Note that the communication protocol and the event-dispatch hub have been wrapped into a nb-dispatch JavaScript library (https://github.com/nucleome/nb-dispatch or https://www.npmjs.com/package/@nucleome/nb-dispatch). Nucleome Bridge web browser extension is available at the Chrome Web Store (https://tinyurl.com/nb-bridge).
Data Acquisition in Nucleome Browser
All datasets available on Nucleome Browser were collected from published work or data portal from public consortium projects. For the public 4DN data, we developed an automatic workflow to download from the 4DN Data Portal (https://data.4dnucleome.org) periodically.
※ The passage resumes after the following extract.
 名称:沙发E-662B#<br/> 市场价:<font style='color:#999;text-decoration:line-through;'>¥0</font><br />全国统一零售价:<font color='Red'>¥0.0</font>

We then further curated the meta-information of the data tracks for visualization. In total, Nucleome Browser currently hosts 2,292 genomic datasets from human and mouse and 732 imaging datasets from human and mouse. Supplementary Table S4 lists the detailed sources of all datasets used in Nucleome Browser (latest version updated in November 2021).
Availability of Code, Software, and Documentation
The code of Nucleome Browser is available at: https://github.com/nucleome
Nucleome Browser can be accessed at: http://www.nucleome.org
Documentation and tutorials are available at: https://nb-docs.readthedocs.io/en/latest
Video tutorials are available at: https://tinyurl.com/nb-video-tutorial
Author Contributions
Conceptualization, X.Z. and J.M.; Methodology, X.Z., Y.Z., and J.M.; Software, X.Z. and Y.Z.; Resources, A.S.B. and J.R.S.; Investigation, X.Z., Y.Z., Y.W., D.T., A.S.B., J.R.S., and J.M.; Writing – Original Draft, Y.Z., X.Z., and J.M.; Writing – Review & Editing, Y.Z., X.Z., A.S.B., J.R.S., and J.M.; Funding Acquisition, A.S.B., J.R.S., and J.M.
Competing Interests
J.R.S. is affiliated with Glencoe Software, a commercial company that builds, delivers, supports and integrates image data management systems across academic, biotech and pharmaceutical industries. The remaining authors declare no competing interests.
Acknowledgement
Nucleome Browser was first introduced to the community during the 2018 Annual Meeting of the NIH 4D Nucleome Consortium (San Diego, CA). The authors would like to thank members of the 4D Nucleome Consortium and the broad 3D genome community for feedback and suggestions that have improved the tool. The authors are also grateful to members of the Ma lab for helpful discussions and comments on the manuscript. This work was supported by the National Institutes of Health Common Fund 4D Nucleome Program grants U54DK107965 (A.S.B. and J.M.), U54DK107965-05S1 (J.R.S. and J.M.), and UM1HG011593 (A.S.B., J.R.S., and J.M.). J.M. is additionally supported by a Guggenheim Fellowship from the John Simon Guggenheim Memorial Foundation.